A verdade escondida

 


Minha crônica no jornal Gazeta do Sul de hoje.

 “Às vezes não nos contam toda a história”, diz o diretor de um filme dentro de outro filme, Império dos sonhos, de David Lynch. O filme dentro de um filme, um sonho dentro de um sonho, um corpo dentro de outro corpo, o tempo dentro de outro tempo, uma história dentro de outra história. São assim os filmes e séries de David Lynch. Quem assistiu a todas as temporadas da série Twin Peaks, sabe do que estou falando. O que foi aquilo!

Gosto de obras de arte assim. Um quadro de Magritte, um romance de Vila-Matas, um conto de Cortázar, uma música de Humberto Gessinger. Metaficção. Matryoshka. Ororoboro. Segui por este caminho em alguns de meus contos e nos romances que publiquei. Alguém pode fazer o favor de ler os livros deste pobre escriba?
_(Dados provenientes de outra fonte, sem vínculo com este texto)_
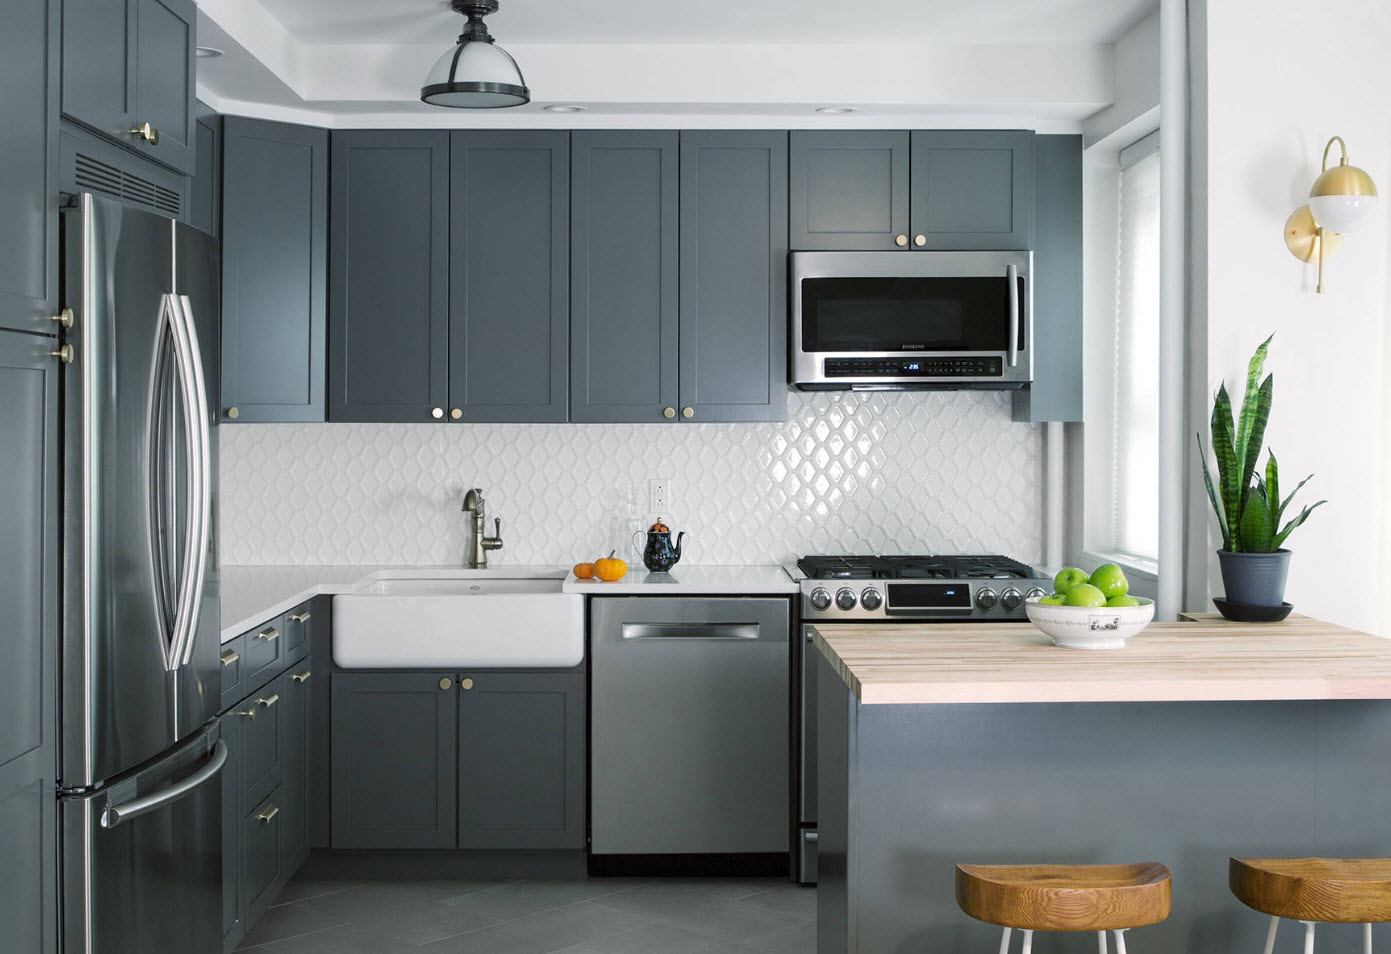 120 Square Feet Kitchen Interior Design Ideas with Photos

Volto, no entanto, à frase do diretor, que contava ao casal de atores sobre um fato acontecido com o casal de atores da primeira versão desse filme. Um assassinato. Ninguém queria contar à equipe atual sobre uma possível maldição para quem participa desse trabalho. Esconder os fantasmas, imaginários ou reais.

Às vezes não nos contam toda a história que rola na política, por exemplo. Apesar de muita coisa estar vindo à tona, há muita coisa escondida. Talvez quando o governo mudar, saberemos de mais coisas podres. Saber esconder é uma arte dos políticos.

Nossos pais também não nos contaram tudo. Descobrimos muitas coisas da vida através dos amigos, de leituras e hoje através da facilidade da internet. Os pais queriam nos proteger. Às vezes, seria melhor ter sabido da vida por eles. Talvez estavam certos. Hoje somos pais e não contamos tudo para nossos filhos. Aliás, já sabem mais do que nós.

Também não contamos tudo para nós mesmos. Quem teima em não ver a realidade porque quer justificar seus erros, como votar errado, mente para si mesmo, não quer enxergar a realidade, quer defender suas ideias com unhas e dentes. Cuidado se usar prótese dentária! Ela pode ficar presa na carne podre.

A boa ficção também esconde, não conta tudo. Histórias mastigadinhas e colocadas na boca do leitor não são boa Literatura. Há quem goste, mas então não gosta de Literatura, gosta simplesmente de uma boa história. Uma boa história não é necessariamente boa Literatura. E boa Literatura não é necessariamente uma boa história.

Aliás, as boas histórias estão sendo contadas hoje pelas séries de TV ou da Internet. Nem todas as histórias, porém, estão sendo contadas. Nem toda a história. Nem mesmo a História, com a H maiúsculo, está sendo bem contada.

Gostaria de te contar a verdade, caro leitor, porém também a estão escondendo de mim. Mas desconfiemos, sempre, de tudo e de todos. Talvez o véu caia sem percebermos.